The most crucial component of the IMPAC scheme is the embedding from sensor inputs (in our case, images) and action sequences, into latent state and action tensors while remaining consistent with the real environment dynamics. In this section, we organize our discussion around how a single sample: ${S_t, a_t, \cdots, a_{t+k-1}, S_{t+k}}$ fits in the training of our deep neural networks, as illustrated in Figure 2{reference-type="ref" reference="fig:DNNArch"}. We will explain each individual components of the block diagram and wrap up by discussing the whole picture.

An illustration of data flow around a single training sample. {#fig:DNNArch width="0.8\linewidth"}

Embedding of image observations

The left side and right side of the block diagram in Figure 2{reference-type="ref" reference="fig:DNNArch"} embeds raw observations (images).

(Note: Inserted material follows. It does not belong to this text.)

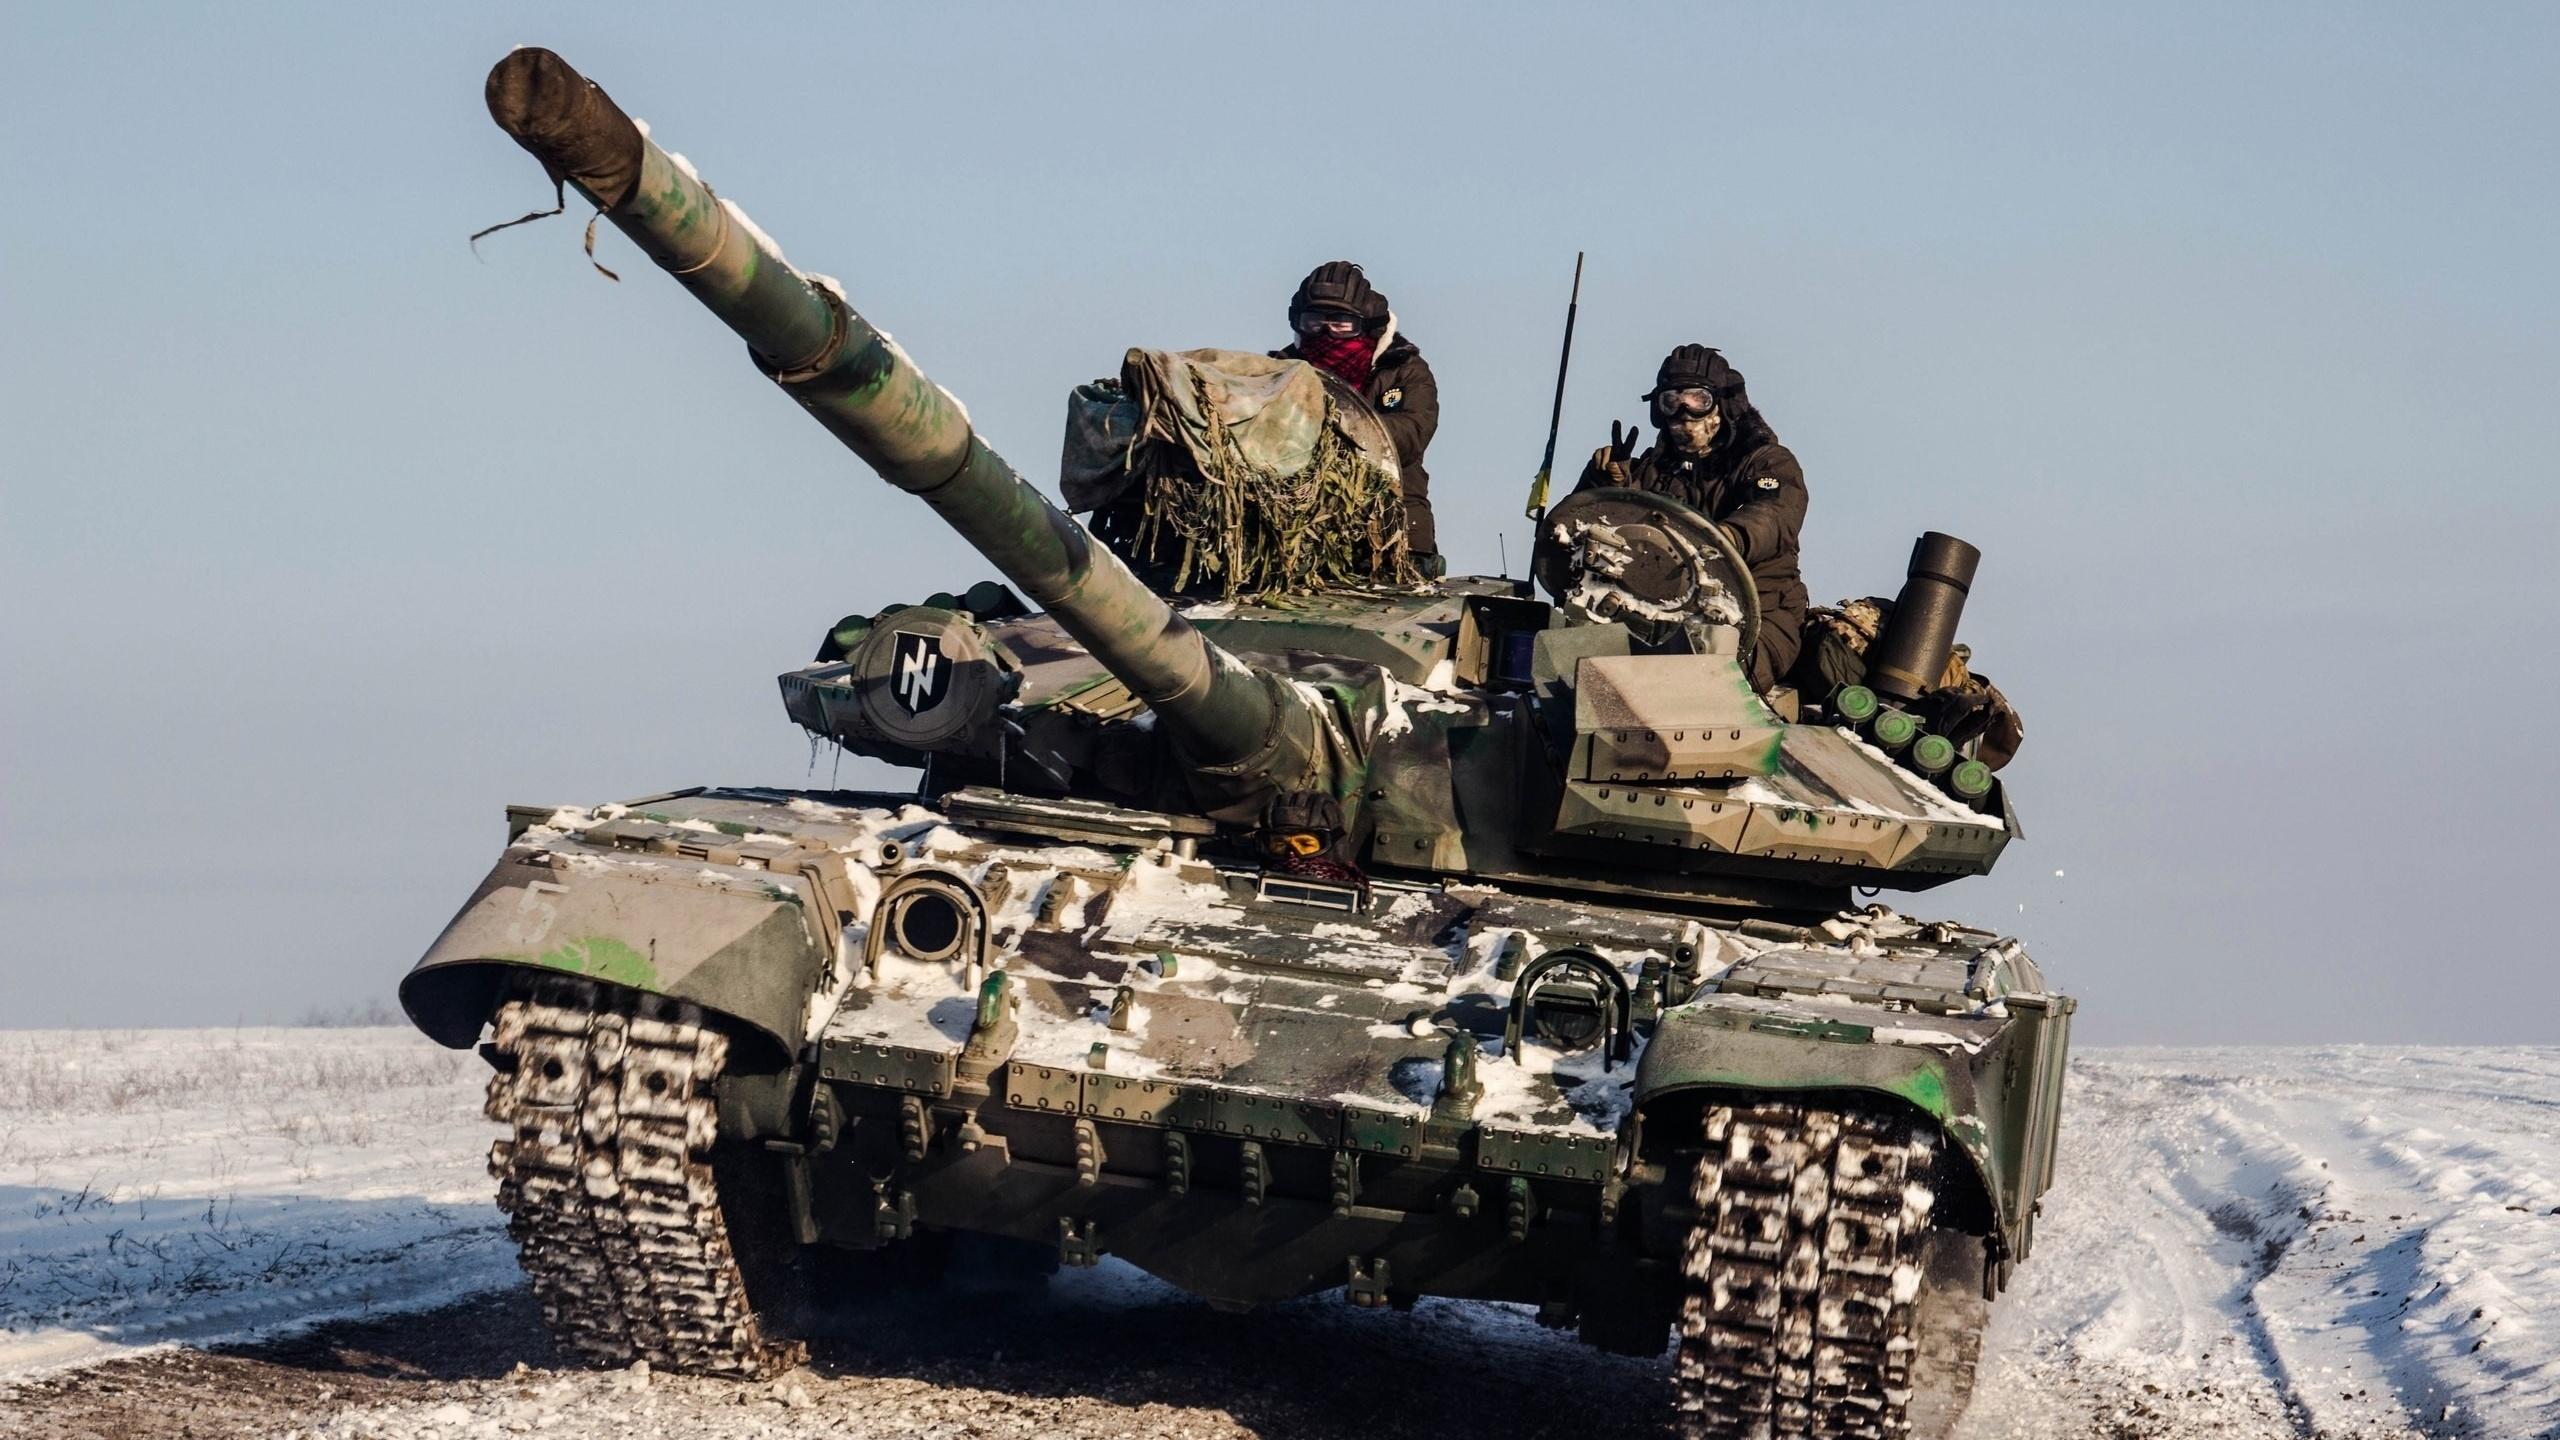 танк, т-64б1м, броня, защита, солдаты, україна, воины, патриоты

In this work, we take images scaled down to $64 \times 64$ as observations. The image resolution is chosen as a balance of clarity and performance: visual features of the environments are retained while training batches can be fit on a single GPU. Multiple images can be concatenated to capture additional information (e.g. velocity). When encoding multi-channel images into latent vectors, we use an auto-encoder and decoder pair parameterized by convolutional neural networks. Given a training sample ${S_t, a_t, \cdots, a_{t+k-1}, S_{t+k}}$, both $S_t$ and $S_{t+k}$ are encoded into their respective latent vectors $Z_t$ and $Z_{t+k}$ using a same CNN encoder. To ensure that essential state information is conserved after the observations are embedded, we decoded the latent tensor $Z_t$ back to images using a deconvolutional network for correct reconstruction $\hat{S}_t$. The objective is to make the images $S_t$ and $\hat{S}_t$ similar. The encoder and decoder network details are presented in Appendix 9{reference-type="ref" reference="layers"}.

Embedding of action sequences

The mid-lower section of Figure 2{reference-type="ref" reference="fig:DNNArch"} embeds action sequences.

Standard MDPs (Section 3.1{reference-type="ref" reference="mdp"}) models environment dynamics in the granularity of single steps, which results in an exponentially large action space over long horizons. Another contribution of this work is that we compute information-theoretic quantities across multiple time-steps without exploding the action space. We consider a $k$-step dynamic model directly by embedding action sequence {$a_t$, $a_{t+1} \cdots a_{t+k-1}$} into a single action $b_t$ in the latent space (1 step in the latent space corresponds to $k$ steps in the original space). Actions inside the sequence are concatenated into a vector and passed into an auto-encoder to get $b_t$. Again, to ensure that necessary information is retained in the latent action tensor, we decode $b_t$ for reconstruction of {$a_t$, $a_{t+1} \cdots a_{t+k-1}$}. In our implementation, the encoder and decoder are both fully connected MLPs. The detailed information about each layer can be found in Appendix 9{reference-type="ref" reference="layers"}.

Dynamical model in latent space

The top part of Figure 2{reference-type="ref" reference="fig:DNNArch"} fits a dynamics model linear in action (non-linear in state).

As discussed in Section 4.3{reference-type="ref" reference="Info-channel"}, our scheme requires a dynamic model with a particular form. Specifically, given current latent state $Z_t$, the next state $Z_{t+k}$ is linear in the action $b_t$. Mathematically, if latent states have dimension $d_z$ and latent action have dimension $d_b$, we want to find a mapping $\displaystyle A: {\mathbb{R}}^{d_z} \rightarrow {\mathbb{R}}^{d_z \times d_b}$ such that $Z_{t+k} \approx A(Z_t) b$.

The mapping from $Z_t$ to a $d_z \times b_z$ matrix is parameterized by a fully connected MLP with $d_z \times d_b$ output neurons. The final layer is then reshaped into a matrix. (See appendix 9{reference-type="ref" reference="layers"})

The entire scheme

In the previous 3 sub-sections, we introduce 3 objectives: 1) Find an embedding of observations that retains their information. 2) Find an embedding of action sequences that retain their information. 3) Find a dynamics model linear in the latent action. When these three objectives are trained jointly, the neural networks learn towards a latent space that extract information from the original space and learns a dynamics model that is consistent with the actual environment. $$\begin{aligned} L = \alpha \mathbb{E}\big[(S_t - \hat{S}t)^2\big] + \beta \mathbb{E}\big[(a_t - \hat{a}t)^2\big] + \gamma \mathbb{E}\big[(Z{t+k} - \hat{Z}{t+k})^2\big]\end{aligned}$$ In practice, regularization on the latent tensors is enforced at training time to encourage a structured latent space. The details about our choice of regularization are discussed in appendix 8{reference-type="ref" reference="algorithm"}.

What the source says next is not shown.